This command encrypts the file with MD5 created by line 42 with a private key. Arguments:

dgst — this option indicates that we want to encrypt (sign) data;

-sha256 — encryption algorithm;

-sign $PRIVATE_KEY — encrypt the file with the help of private key $PRIVATE_KEY;

-out $KEY_DIR/$ELF_BIN_SIGNATURE — encrypted data is saved to file $KEY_DIR/$ELF_BIN_SIGNATURE;

$KEY_DIR/$ELF_BIN_MD5 — text file containing data to be encrypted.

Line 48:

openssl dgst -sha256 -verify <(openssl x509 -in "$CERTIFICATE" -pubkey -noout) -signature "$KEY_DIR/$ELF_BIN_SIGNATURE" "$KEY_DIR/$ELF_BIN_MD5"

Signed file verification. It can be understood by reference to this line that for DS verification we need encrypted data, a certificate that will help us perform verification and data verification.

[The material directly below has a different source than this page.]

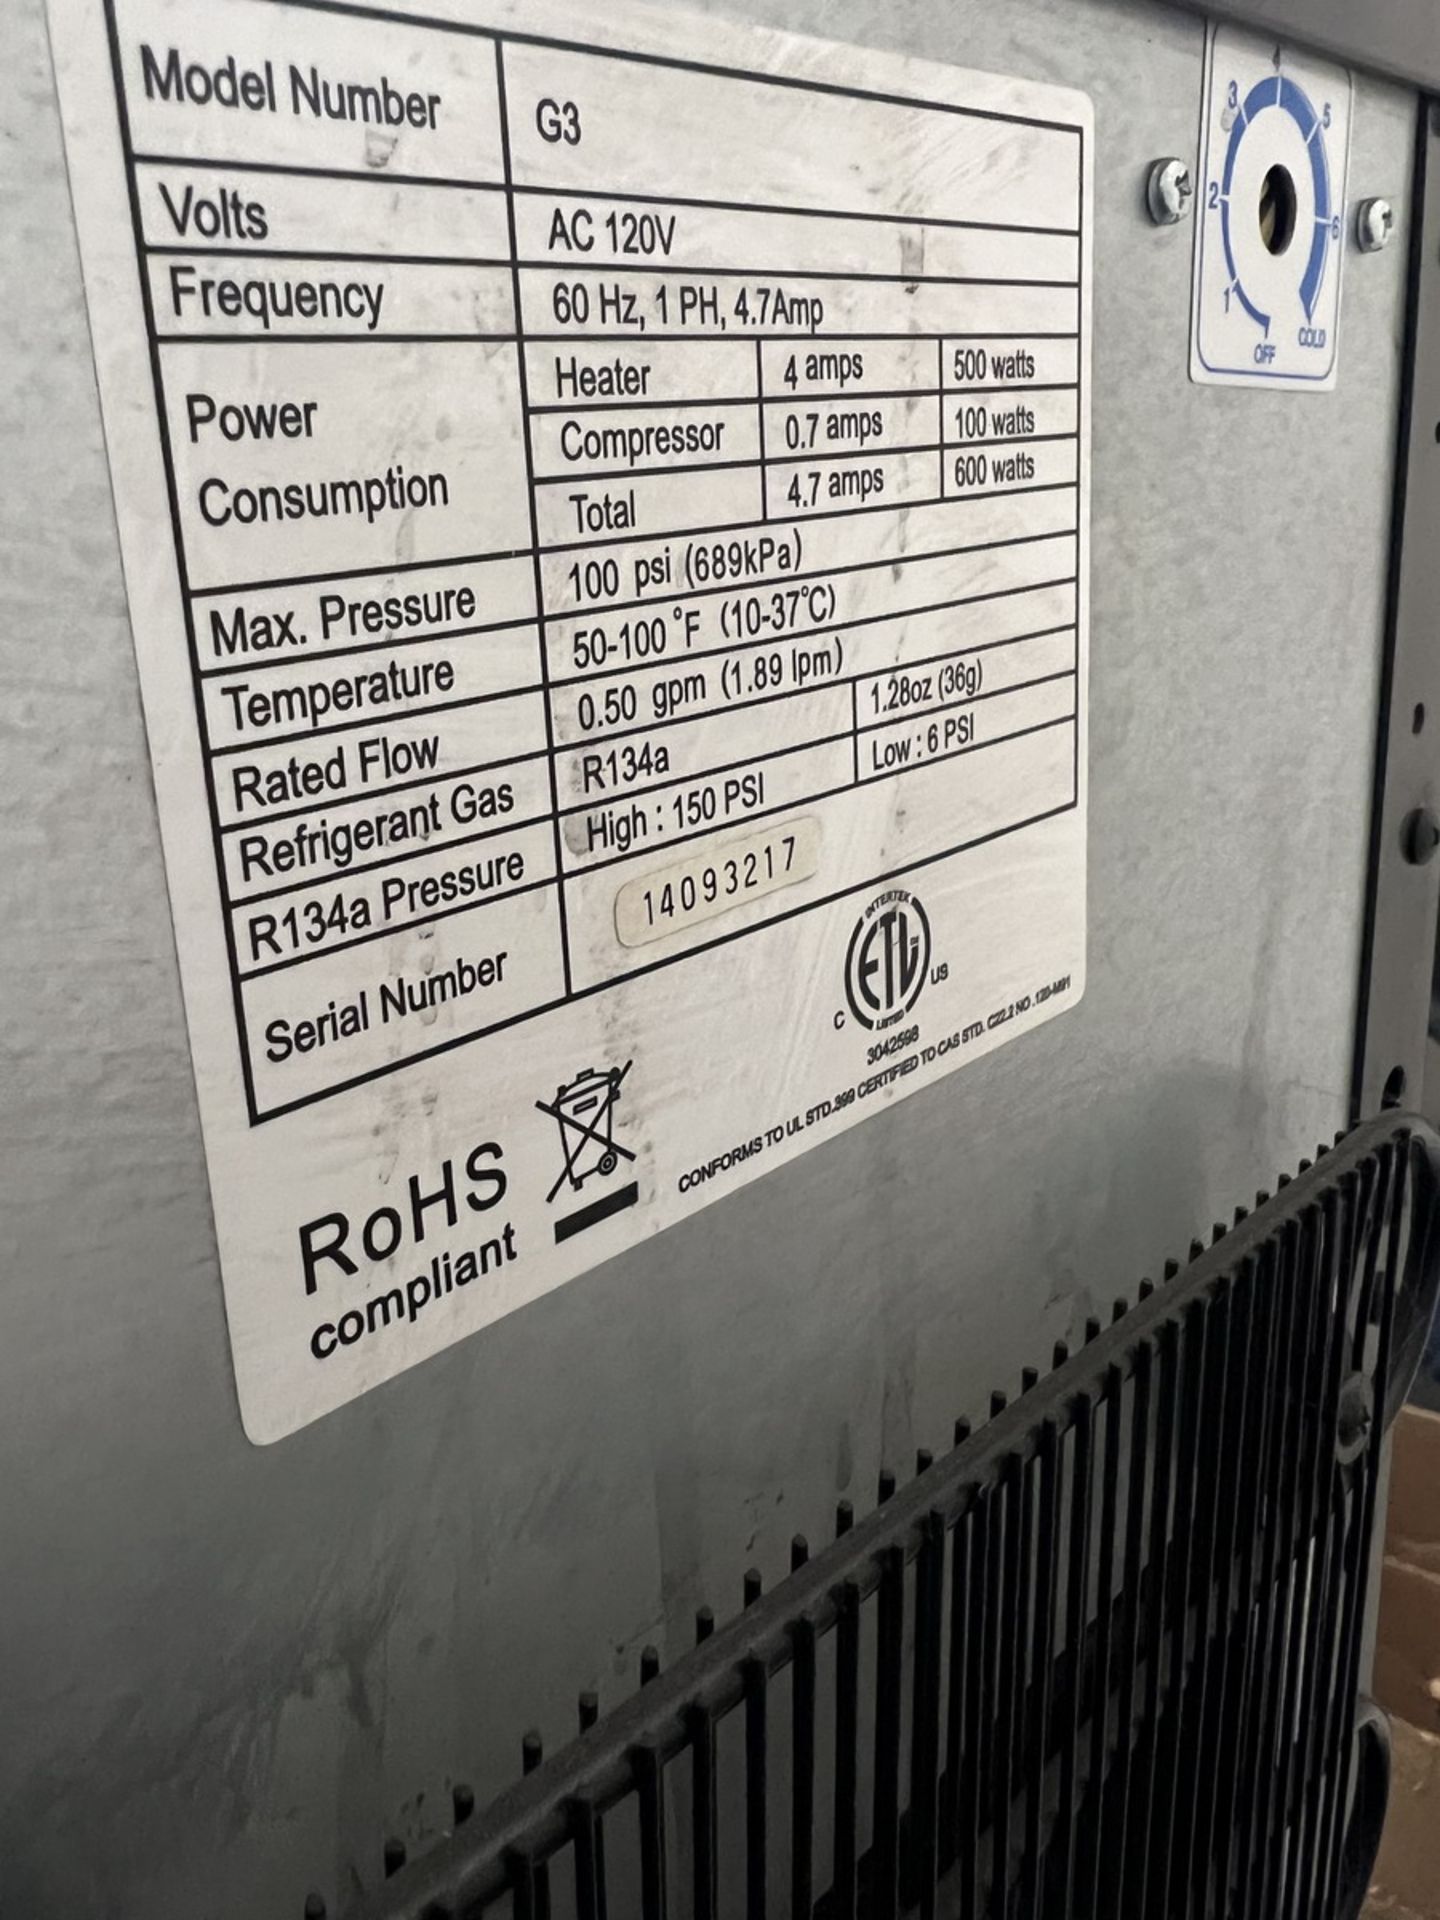 RoHS G3 Water Dispenser 120 V, Max. 100 (PSI) - Image 3 of 3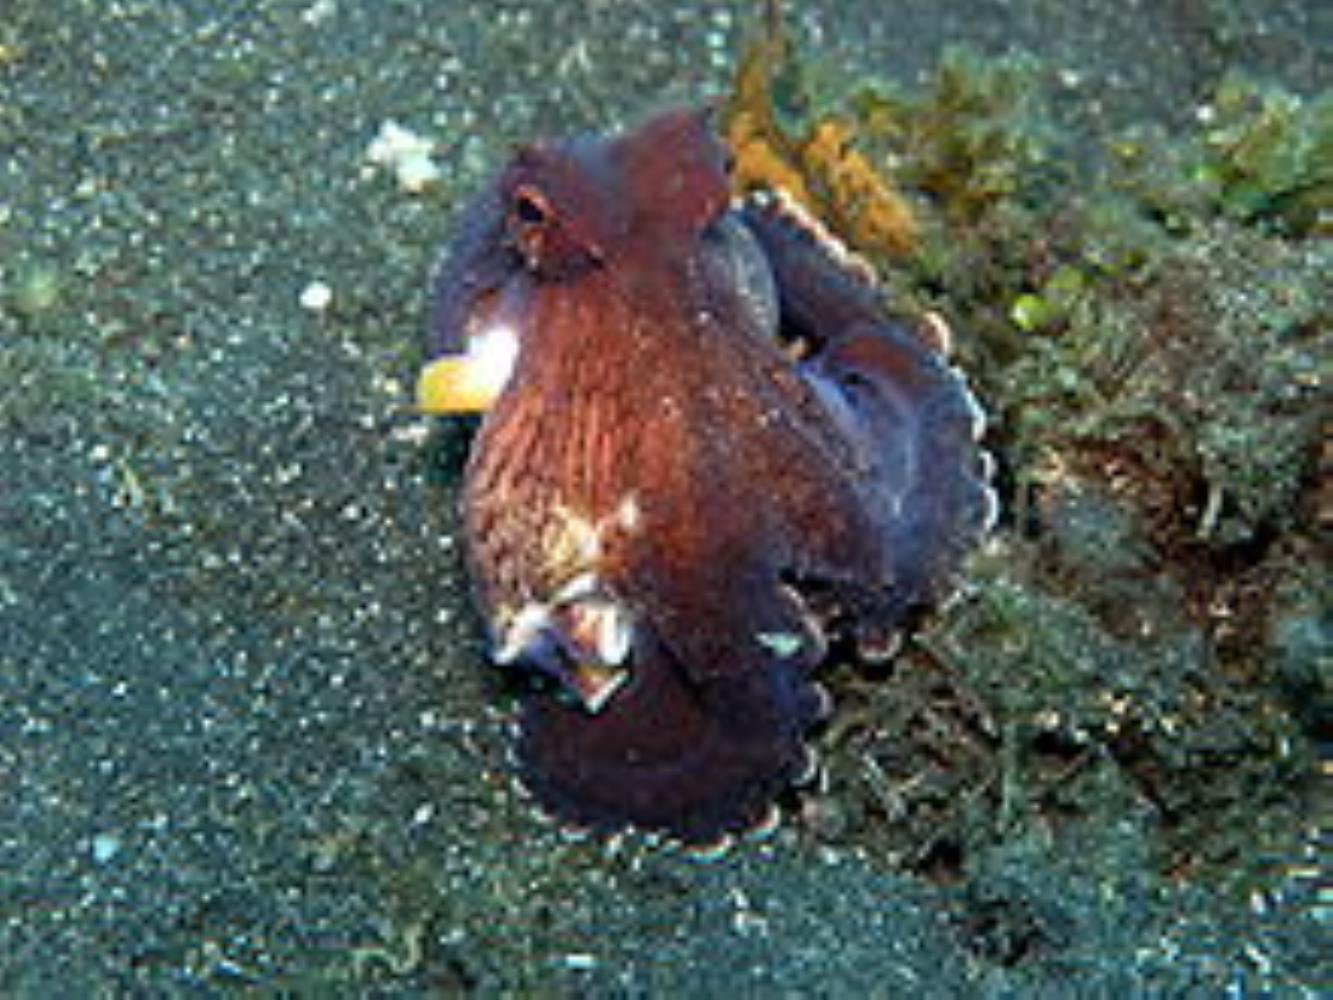 Coconut Octopus

That is, if

x — encrypted data,
y — certificate,
z — verification data,


f(x,y) = z

Line 52:

objcopy --update-section .sig="$KEY_DIR/$ELF_BIN_SIGNATURE" --set-section-flags .sig=noload,readonly "$ELF_BIN" "$ELF_BIN"

Remove the old .sig section and add a new one to file $ELF_BIN (binary_name). As data for the new .sig section, data from the signed file $KEY_DIR/$ELF_BIN_SIGNATURE (~/.ssh/binary_name.sha256) is used.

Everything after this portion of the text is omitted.